## Requirement
This exercise calls for an exact copy of the listing, with no pictures kept.
(Recorded information Opens)
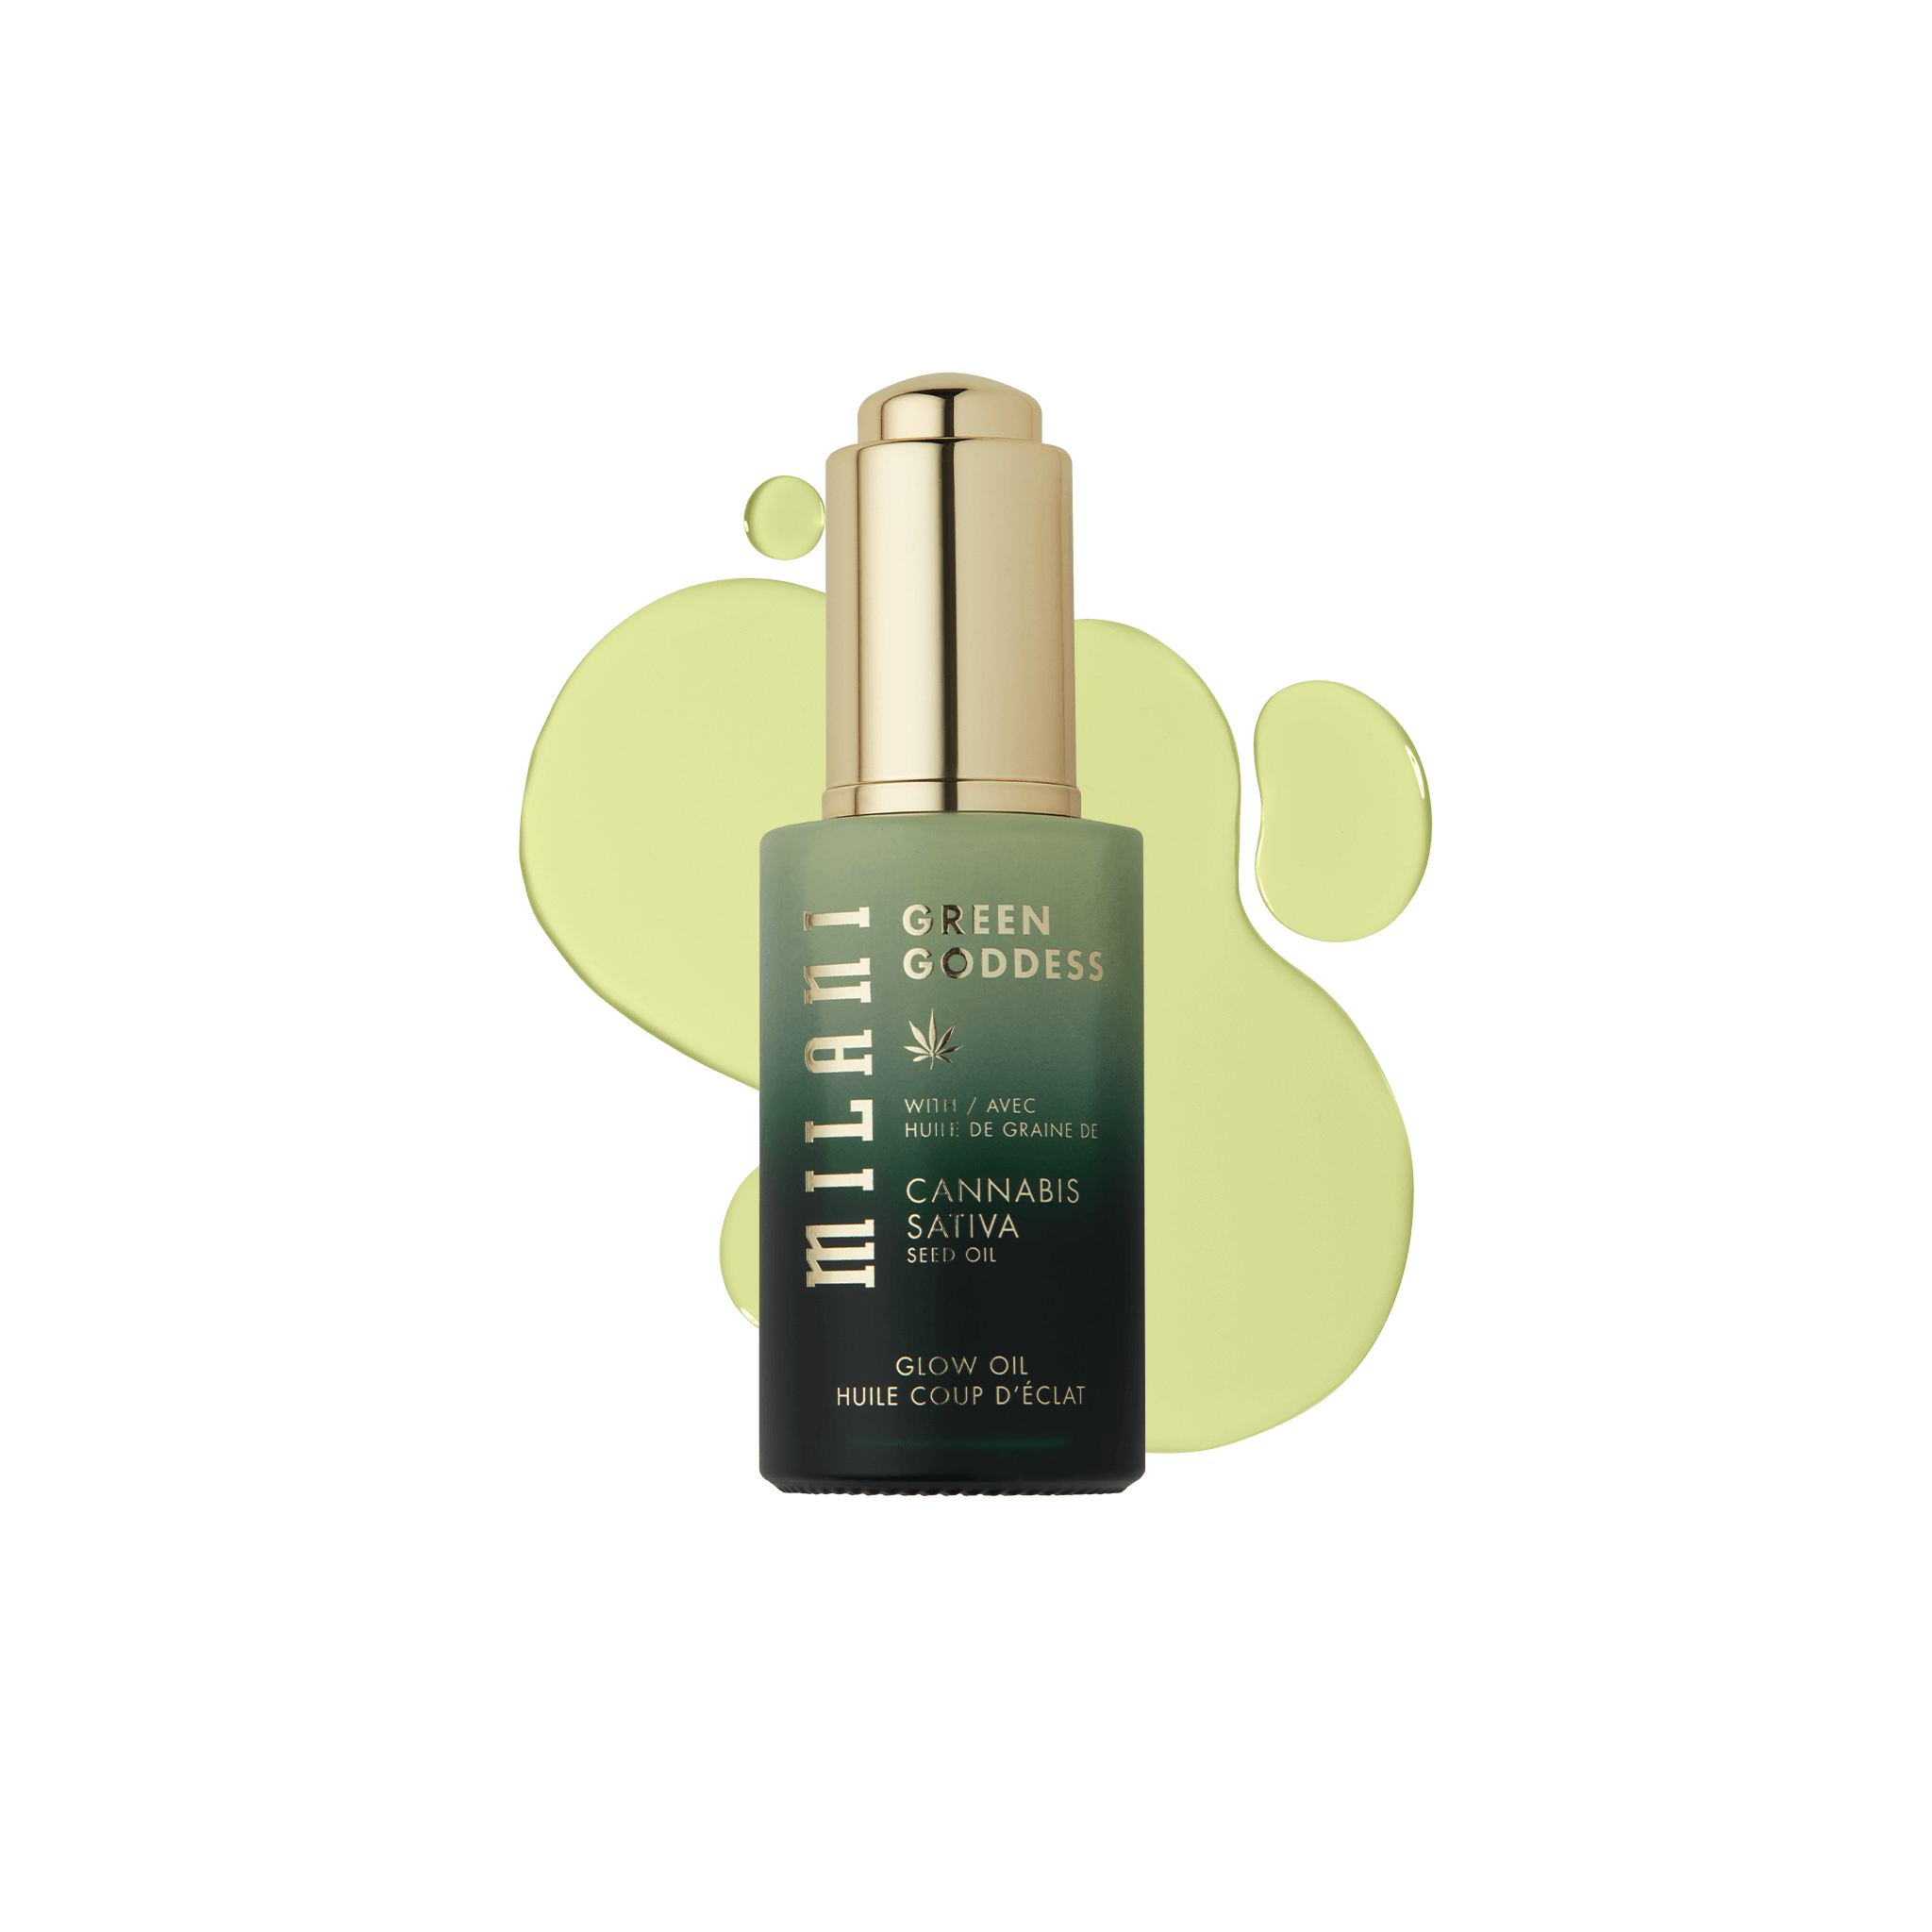 Milani - Green Goddess Glow Oil
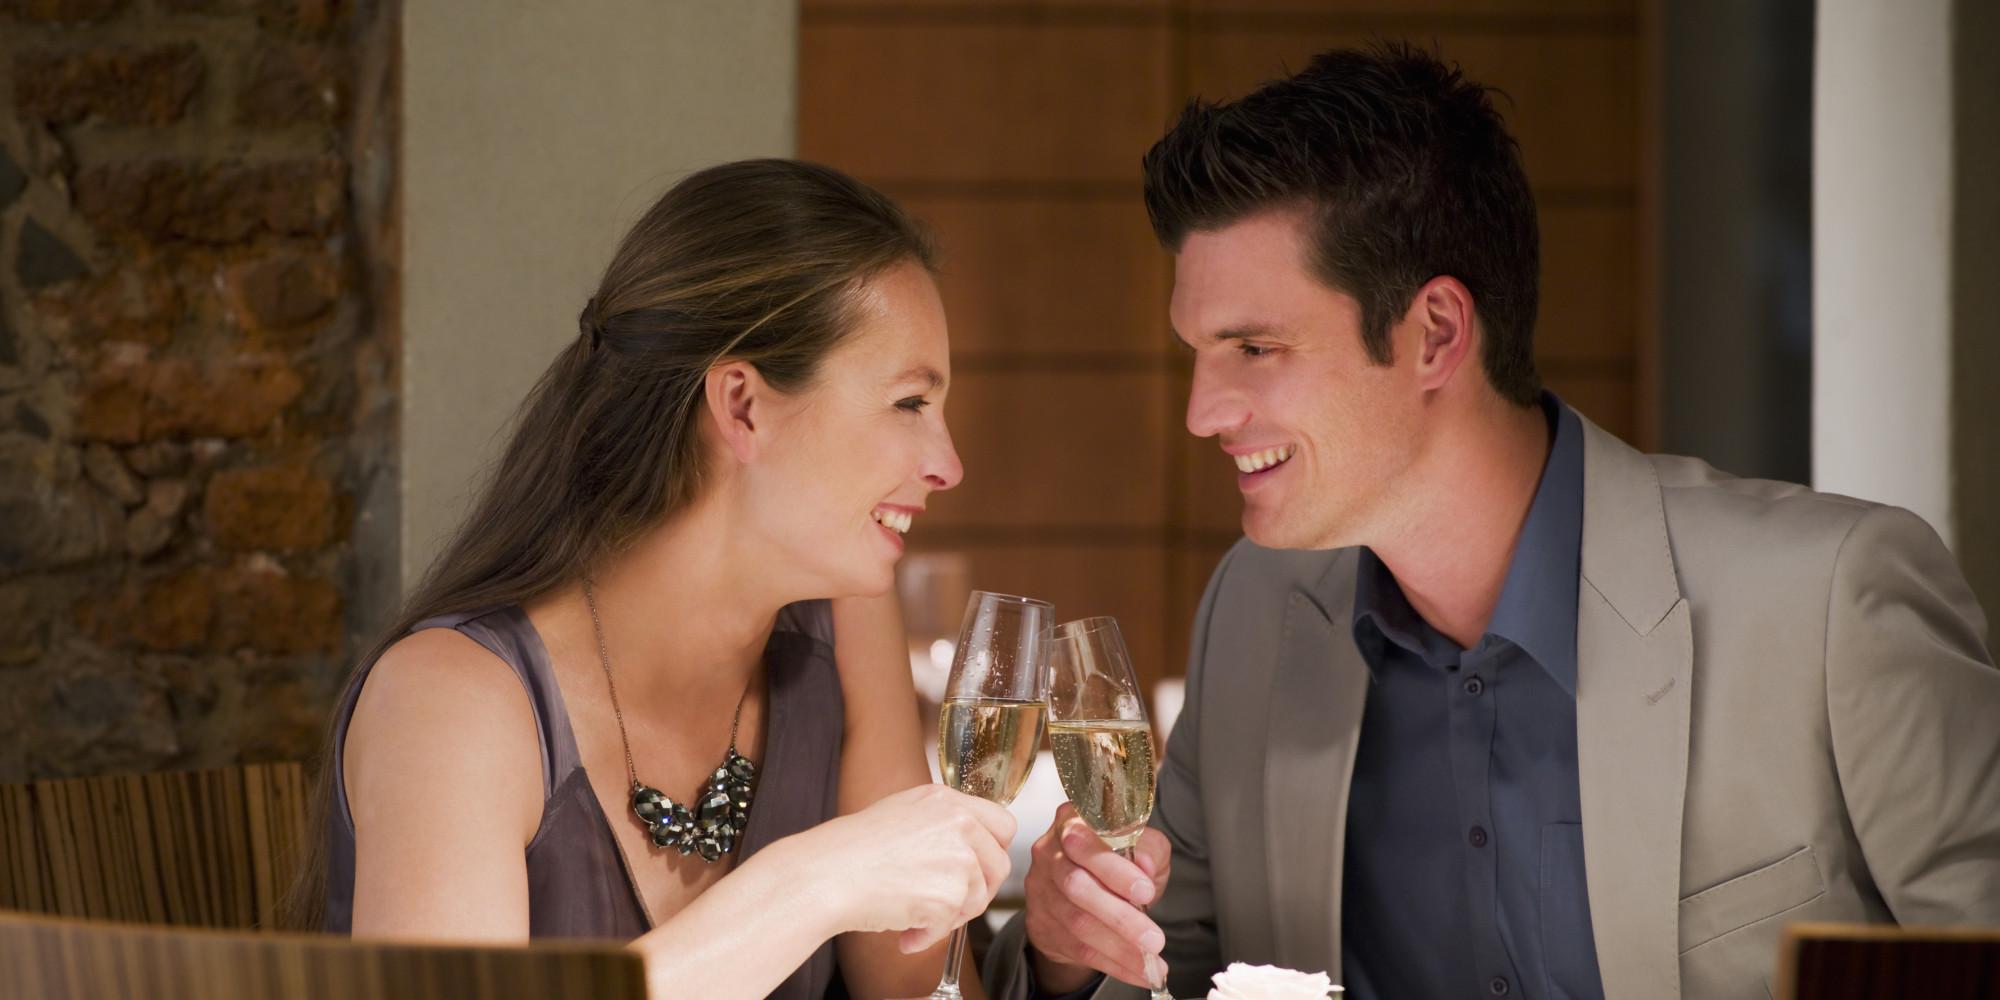 Free dating chat rooms uk bin
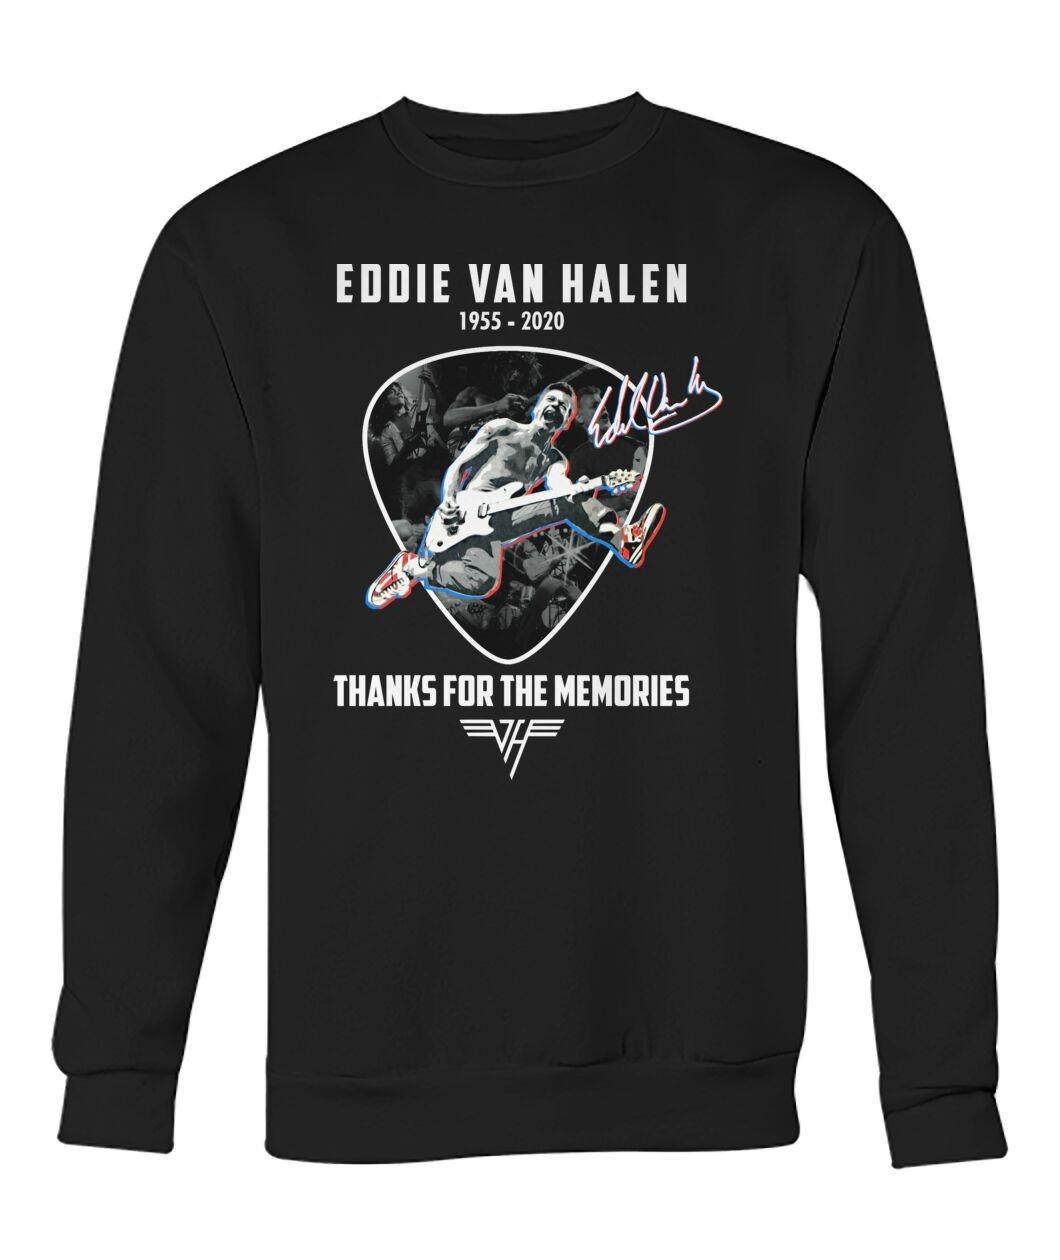 Eddie Van Halen Shirt 1955 2020 Thank You The Memories
(Recorded information Closes)
## Task output
 Milani - Green Goddess Glow Oil
 Free dating chat rooms uk bin
 Eddie Van Halen Shirt 1955 2020 Thank You The Memories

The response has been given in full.